Let $V$ be the span of $v_{1}=(0,1,2)$, $v_{2}=(-1,0,1)$ and $v_{3}=(-1,1,3)$.

Construct an orthonormal basis $B'$ for $V$ (usual dot product).

I know how to do the question. That's easy. I need to apply the gram schmidt procedure thrice and I have my answer.
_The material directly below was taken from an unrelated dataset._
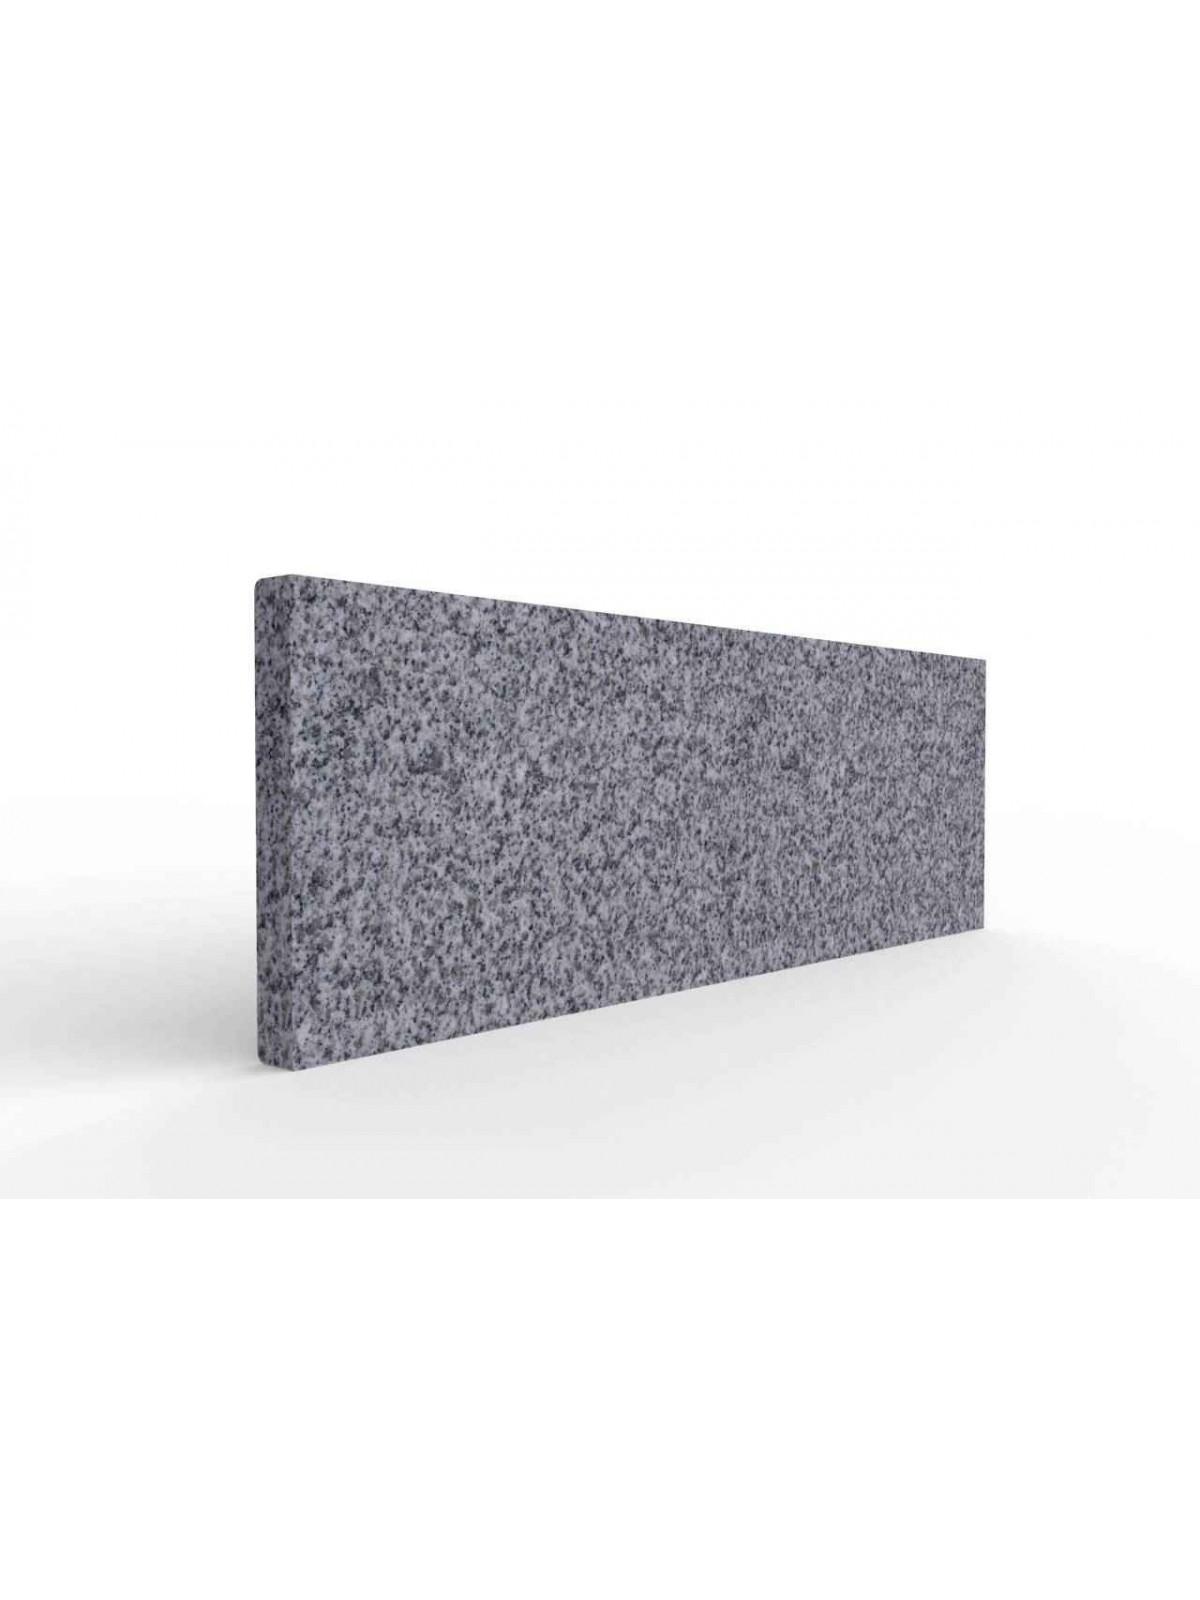 Zoccolini in beola carrara serizzo diorite scura for Zoccolini in pietra

My problem is the 3rd iteration.

$U_{1}=V_{1}=(0,1,2)$

Orthonormalizing, we obtain $V_{1}'=(0,\frac{1}{\sqrt{5}},\frac{2}{\sqrt{5}})$

Then $U_2=V_2-\frac{V_2 \cdot U_1}{||U_1||^2}U_1$

Doing so gives: $U_2=(-1,\frac{-2}{5},\frac{1}{5})$

Orthonormalizing, we get $V_{2}'=(0,\frac{-2}{\sqrt{30}},\frac{1}{\sqrt{30}})$

Finally, $U_3=V_3-\frac{V_3 \cdot U_1}{||U_1||^2}U_1 - \frac{V_3 \cdot U_2}{||U_2||^2}U_2$

However this time, if I plug in everything, I get $U_3=(0,0,0)$. While that is indeed orthogonal to both ${v_1}$ and ${v_2}$ there is no way I can orthonormalize $U_3$ since I get division by $0$.

Is the question just badly asked? Because there is simply no way to obtain an orthonormal basis.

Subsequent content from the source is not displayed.